Enjoying the mental healing, I played a little longer. Then longer still. I began telling myself, “I’ll do only three puzzles, and then I’ll get down to work.” But the “father of lies” (as Jesus calls Satan in John 8:44) began whispering: “It’s OK to keep playing. It’s really helping. Don’t think about the time you’re spending.” Before I realized it, we were less than halfway through the month and I had already completed all of the puzzles for that month. And I had also finished the word puzzles for the two months prior to my illness.
Wow! I had been sucked in! I had made a good thing into an idol and a timewaster. I needed to confess and claim Jesus’ forgiveness. I also needed to put on some spiritual armor (Ephesians 6:14-18) so I can stand against Satan’s future schemes. He will surely try to draw me into some other timewaster.

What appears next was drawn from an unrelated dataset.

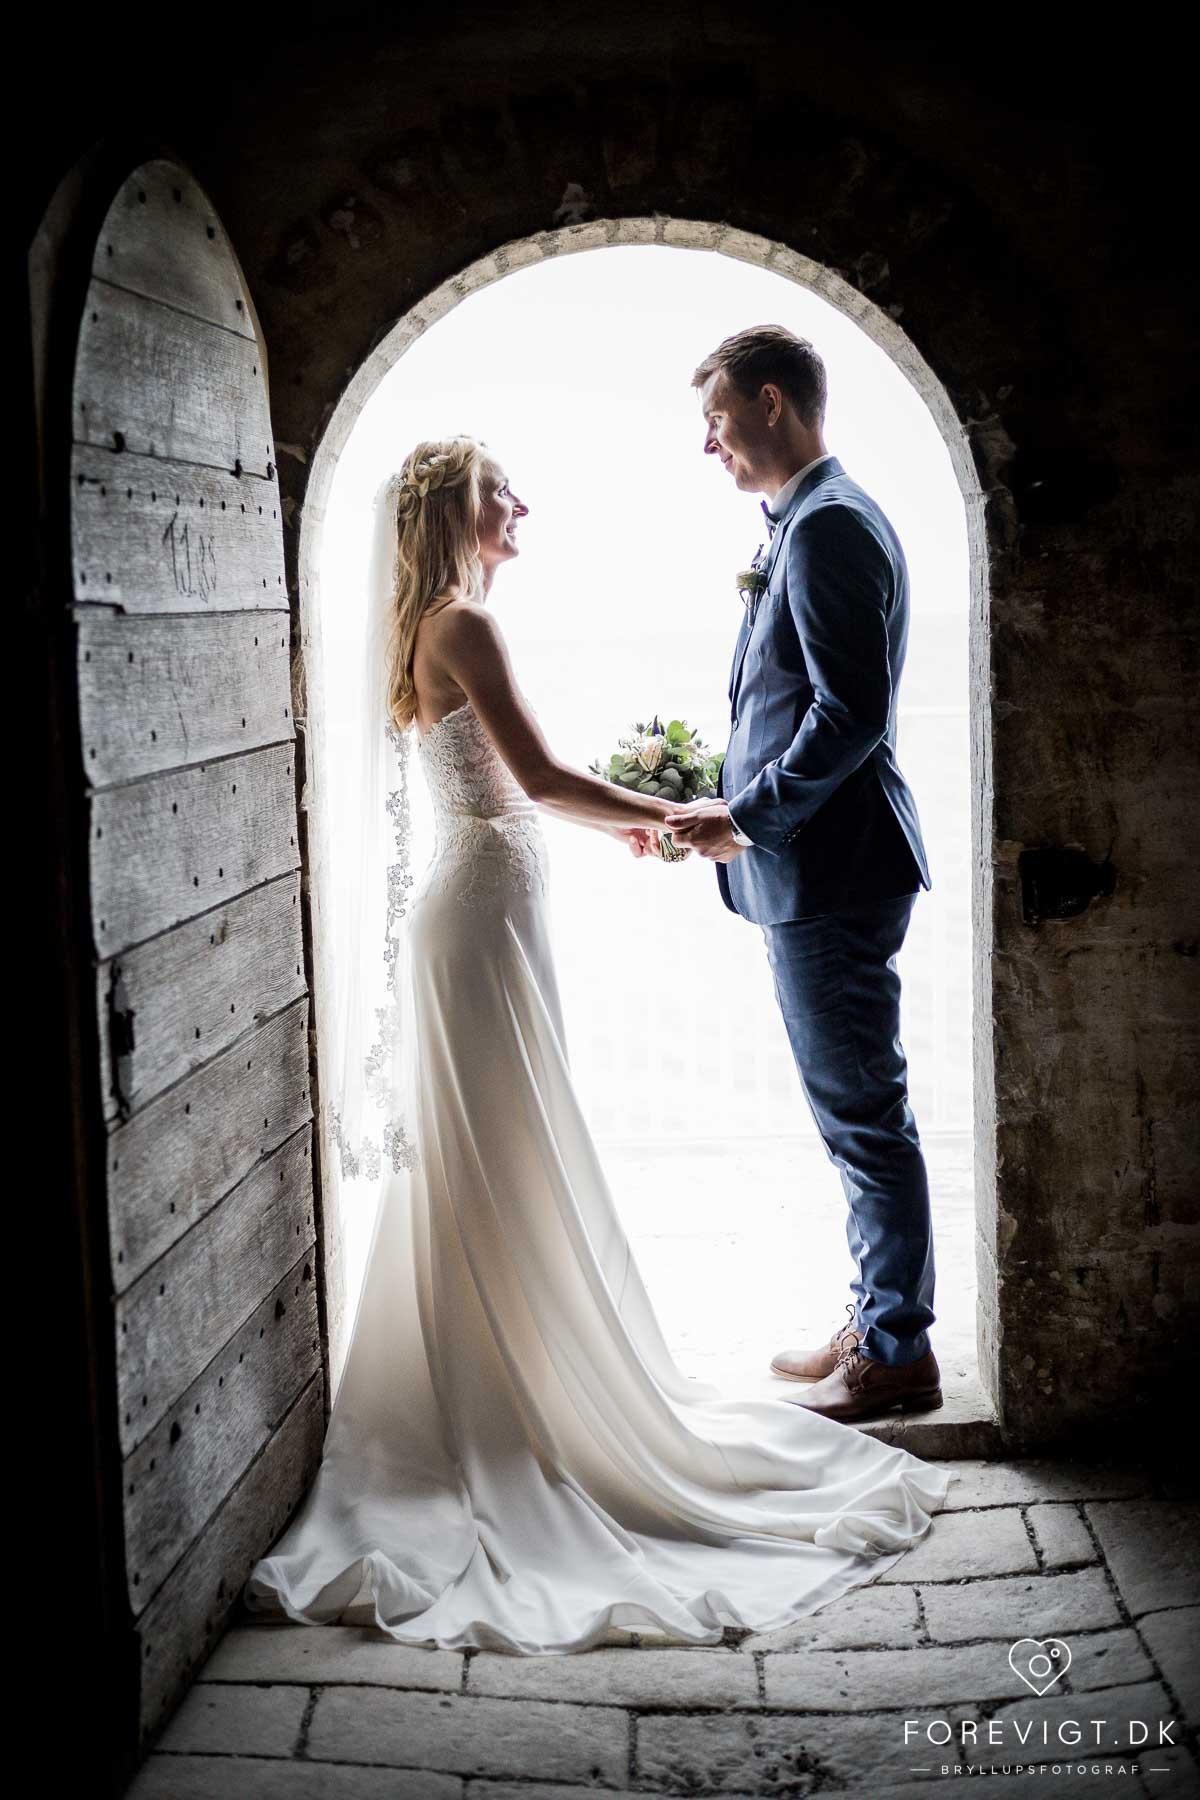 Professionelle bryllupsbilleder

But hopefully the next time I will be a little wiser, and I will recognize the source of temptation before I begin drowning in it. I pray I’ll remember to “Be strong in the Lord and in His mighty power” (Ephesians 6:10, NIV).

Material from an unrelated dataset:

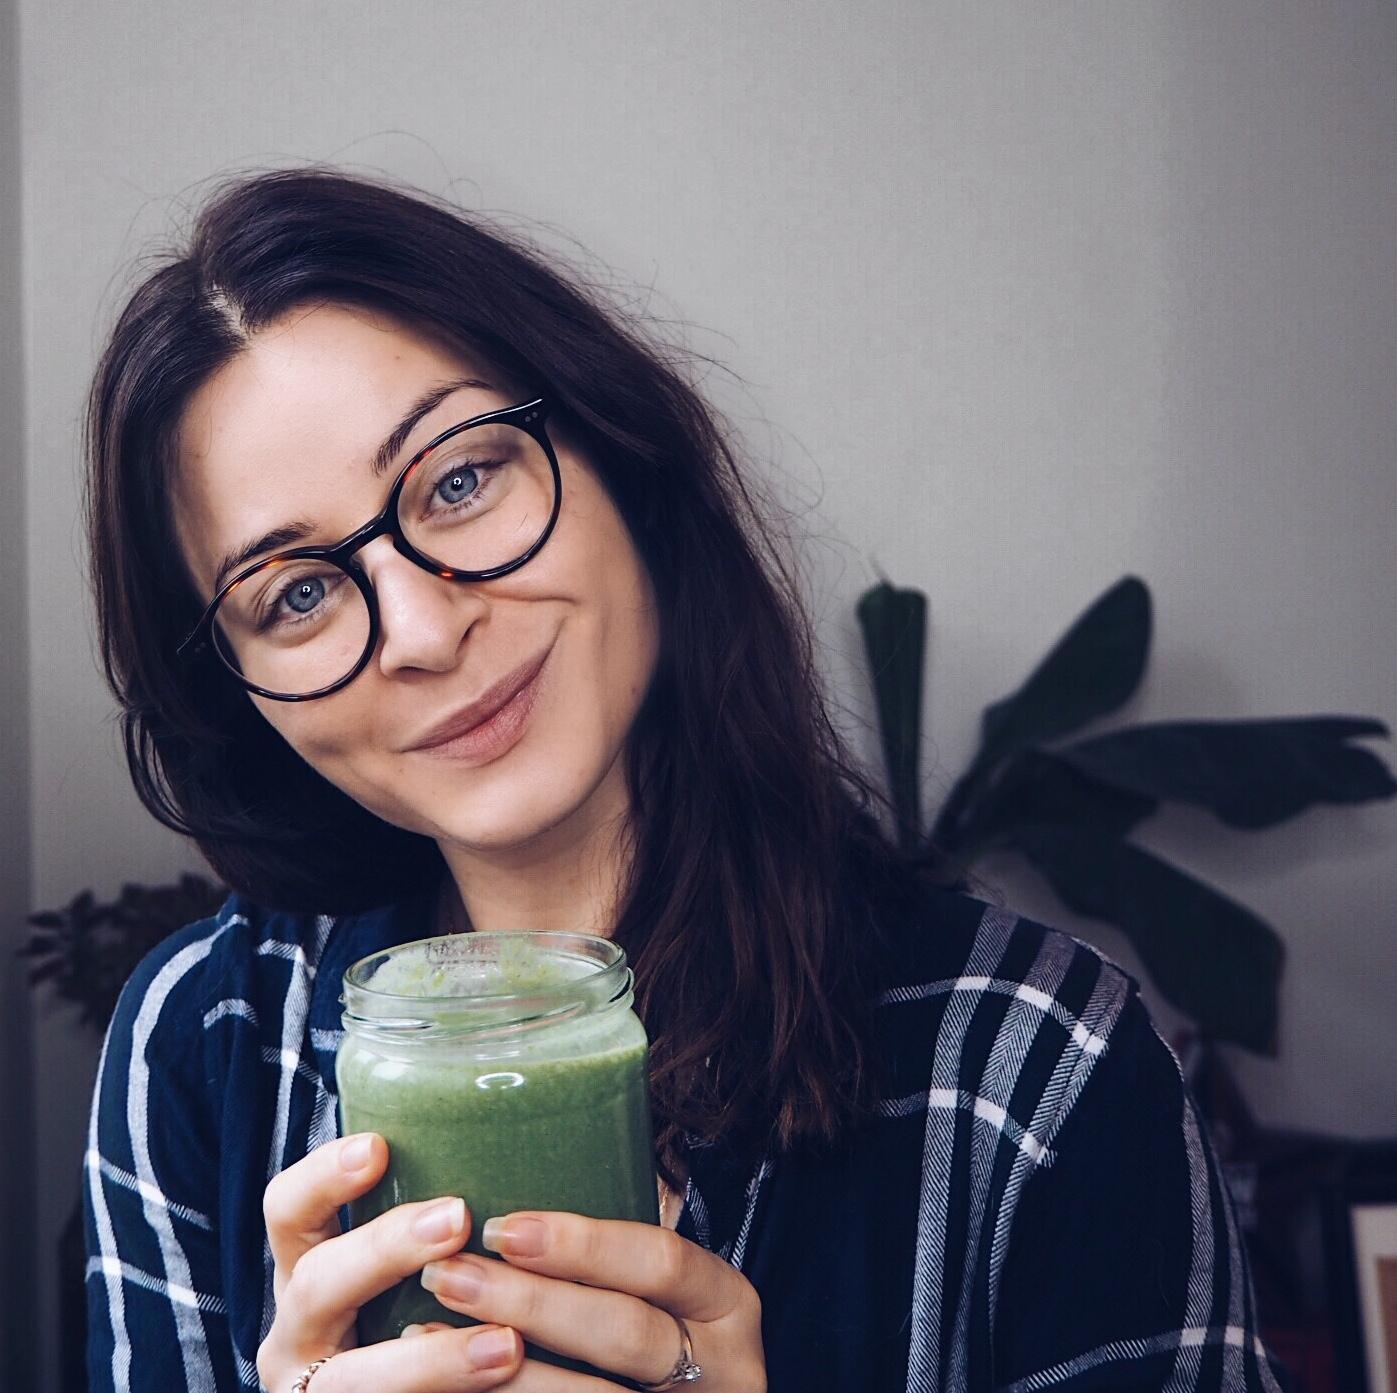 vegansk morgenmad vegetariske morgenmad sund morgenmad

I’m probably not alone in getting drawn into things that take me away from spending time with God or completing the tasks that He would prefer I do. Do you also face temptations that pull you away? How is God helping you to recognize Satan’s influence in those situations? Feel free to leave a comment, and let’s pray for each other, that we will stand firm in our spiritual battles, claiming God’s mighty power. In Jesus’ death on the cross and His resurrection, He has already defeated Satan. And God has given us spiritual armor to be able to claim victory. Let’s be wise enough to put on the armor!